Это значило, что за рабочим, по хитроумным лавочным подсчетам, числится взятых продуктов больше, чем ему открыт кредит согласно «ведомости выработки», составленной администрацией фабрики. Обремененному семьей ткачу ничего не оставалось другого, как брать вместо фунта мяса селедку «с запашком», так как приказчик не соглашался отпустить ничего иного.
Чаще же всего после длительных объяснений и просьб ткачи под неистовую брань приказчика были вынуждены уходить с пустыми руками и ждать, когда «перебор с выработкой сквитается».

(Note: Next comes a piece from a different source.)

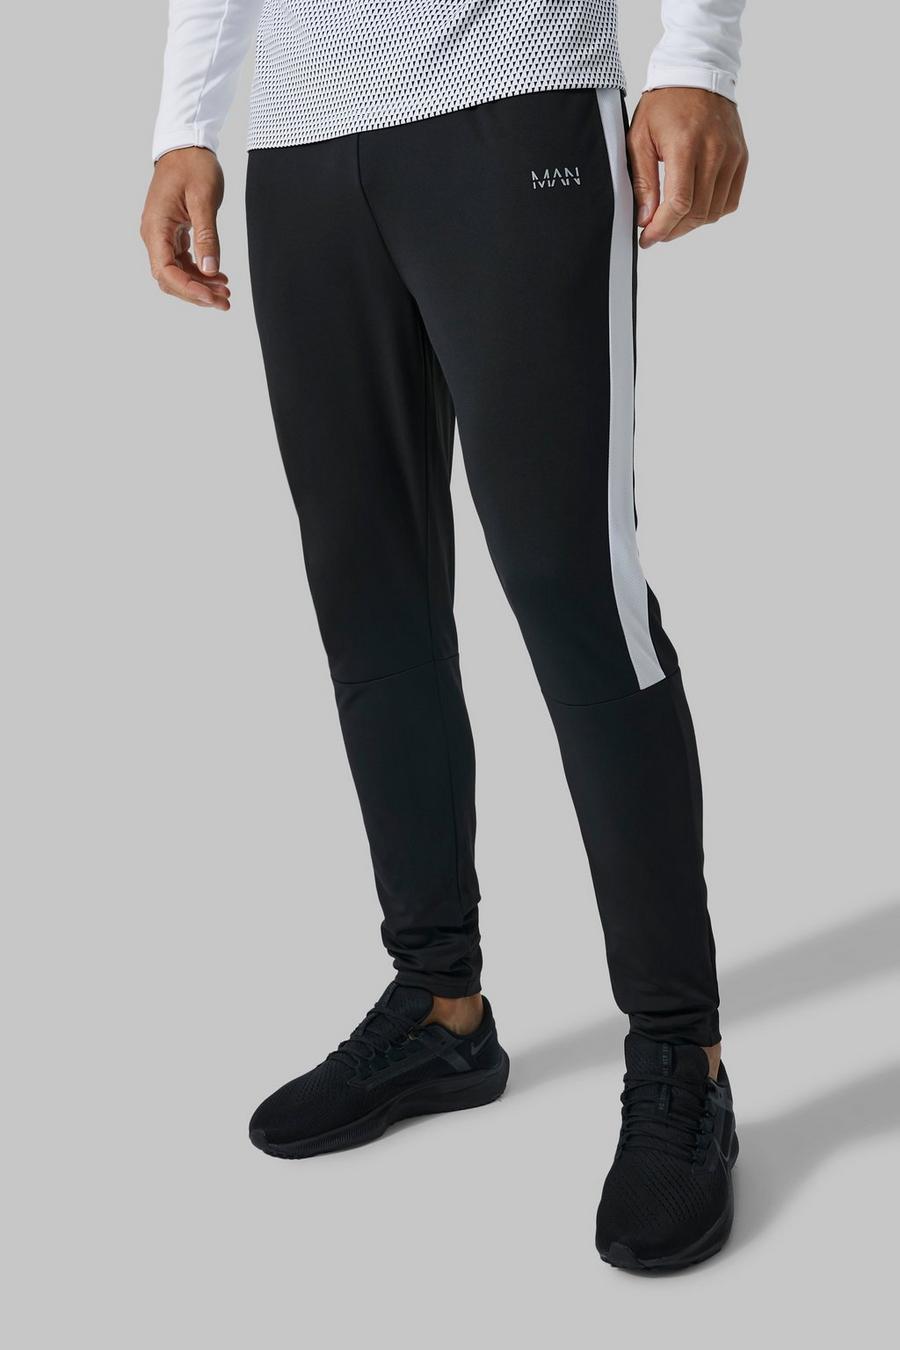 Pantalón deportivo Tall MAN Active resistente de fútbol, Black negro

Невыносимые условия труда вызывали все усиливающееся недовольство ткачей Морозовской мануфактуры. Вначале они пытались просить своего хозяина о смягчении почти тюремного режима, введенного им не только на фабрике, но и в казармах-общежитиях, а затем в январе 1885 года организовали стачку.
Во главе стачки стал передовой рабочий Петр Анисимович Моисеенко, имевший уже опыт революционной борьбы как бывший член «Северного союза русских рабочих». На тайном совещании ткачей, незадолго до начала стачки, были выработаны требования к администрации фабрики, главным образом касающиеся отмены грабительских штрафов, упорядочения расценок и дней выплаты заработка.
Весть о начавшейся стачке произвела сильное впечатление не только на администрацию Владимирской губернии, но и на министерство внутренних дел. Морозов, бывший в это время в Москве, начал забрасывать телеграммами владимирского губернатора, прокурора, министра внутренних дел, прося «не оставить приказать принять меры к прекращению беспорядков». С такими же просьбами обратился он к шефу жандармов. И немедленно владимирский губернатор Судиенко выехал в Никольское.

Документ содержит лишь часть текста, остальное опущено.